Task requirements
Please repeat, exactly as they stand, the line containing "Alison Hildreth at" and the lines after it through the final line of the listing below, minus pictures.

***** Data extract

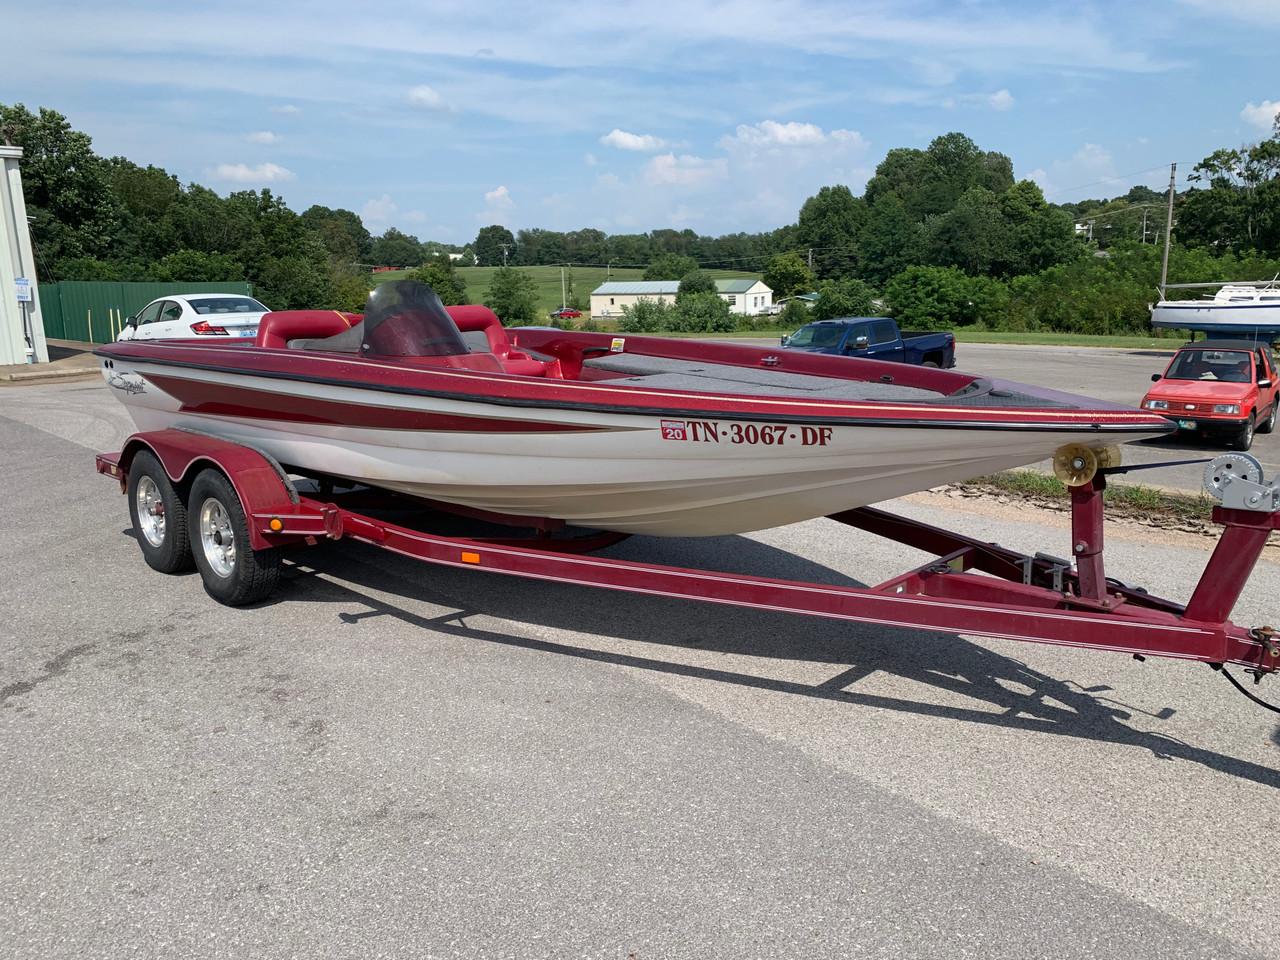 2001 Sprint 297 Pro 19' Fiberglass Bass Boat with Tandem Axle Trailer
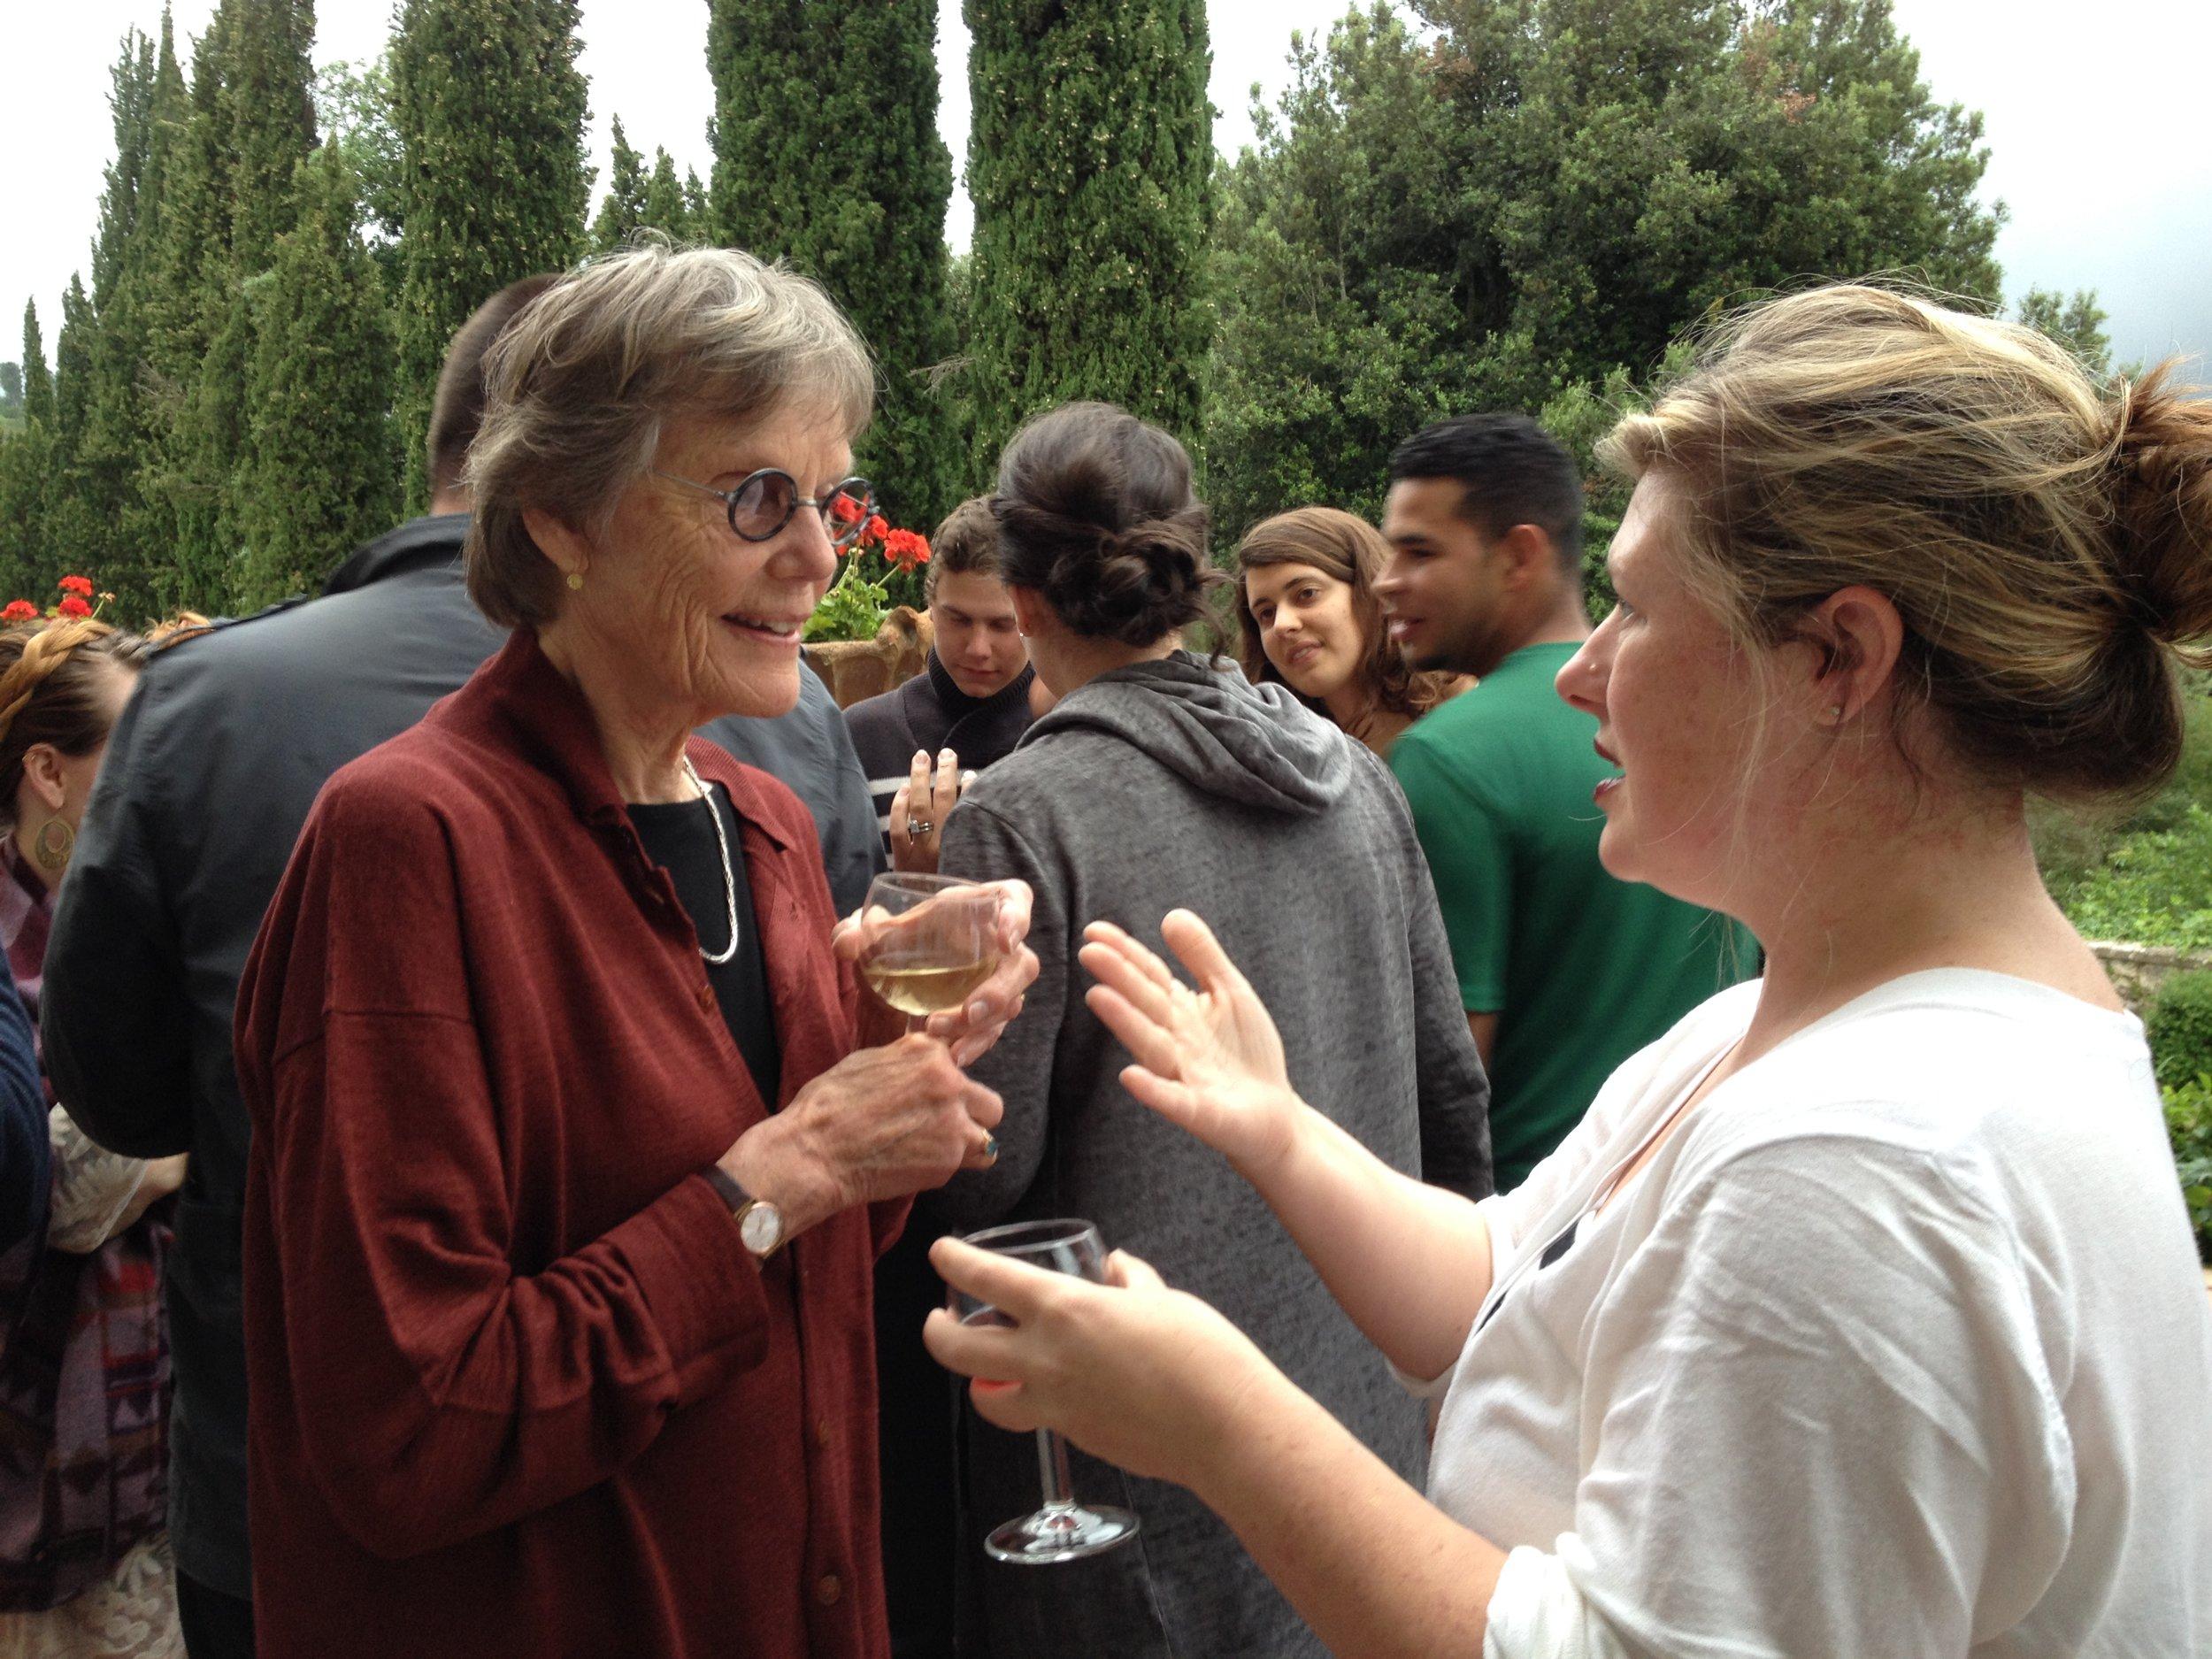 Alison Hildreth at Spannocchia speaking with IDSVA student Lisa Williamson. Photo by Simonetta Moro
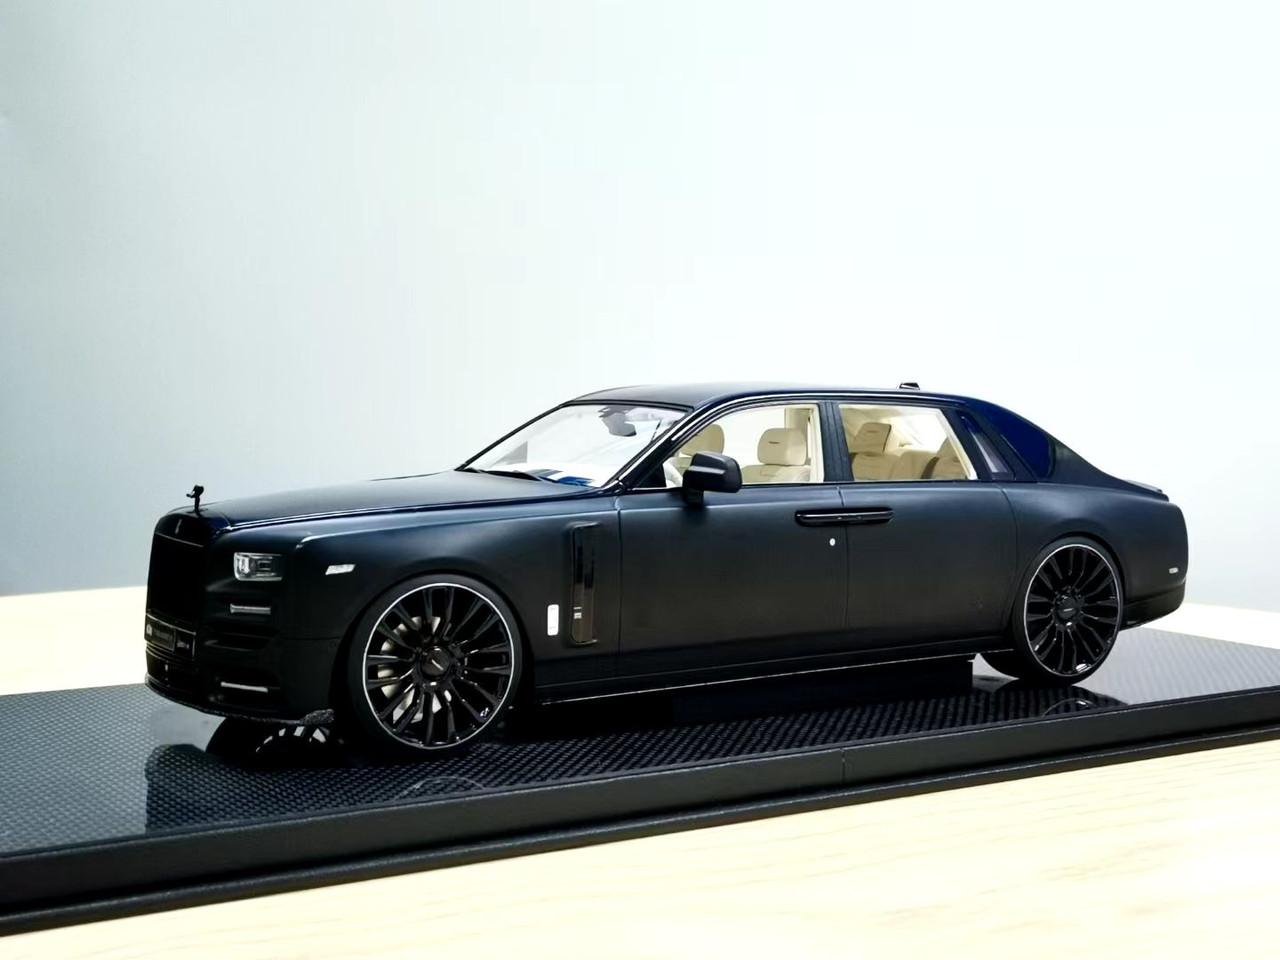 1 18 Mansory Rolls Royce Rr Phantom Viii Matte Black Resin Car Model Limited 99 Pieces Livecarmodel Com
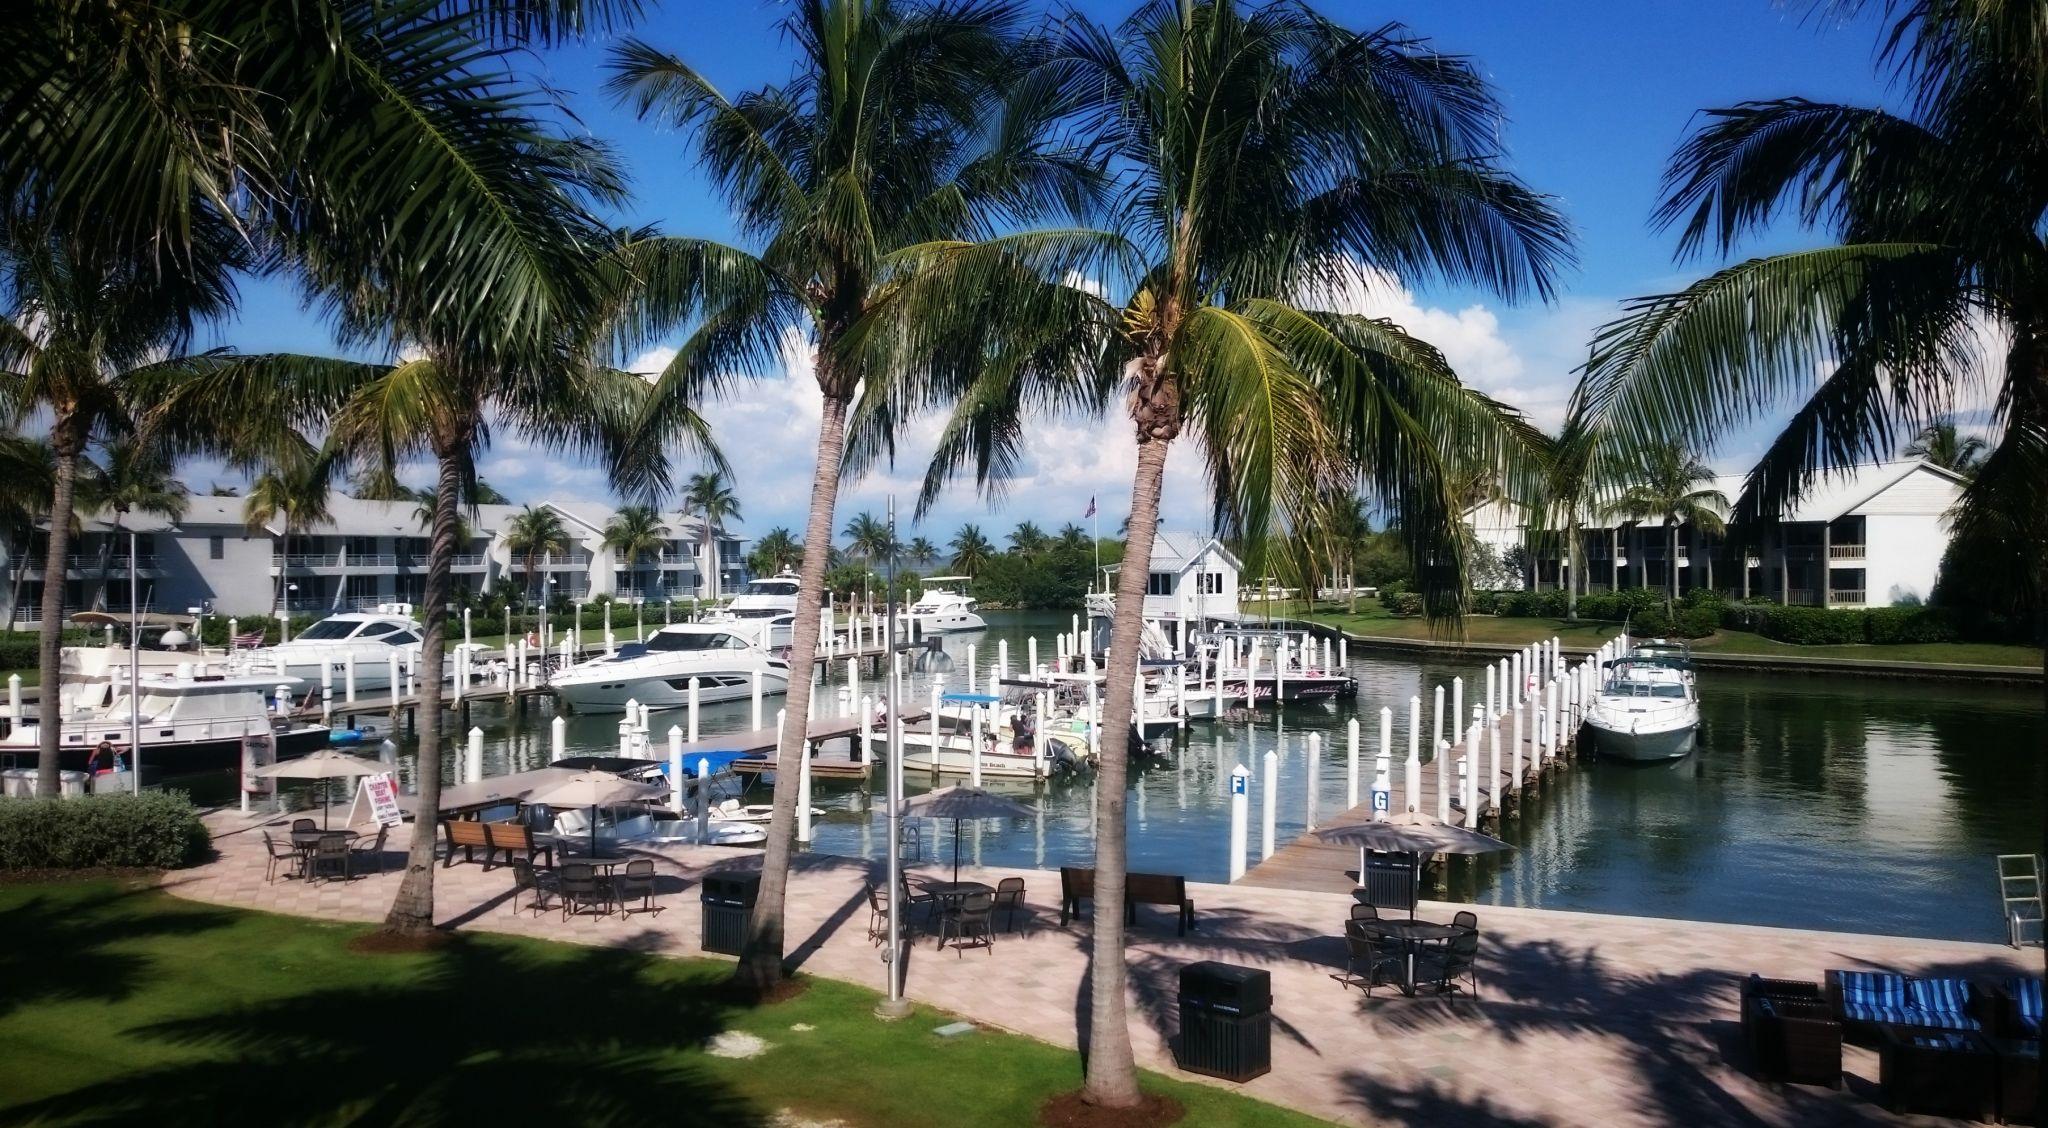 South Seas Island Resort Captiva Island Florida Beyond

**********

Exercise solution
 Alison Hildreth at Spannocchia speaking with IDSVA student Lisa Williamson. Photo by Simonetta Moro
 1 18 Mansory Rolls Royce Rr Phantom Viii Matte Black Resin Car Model Limited 99 Pieces Livecarmodel Com
 South Seas Island Resort Captiva Island Florida Beyond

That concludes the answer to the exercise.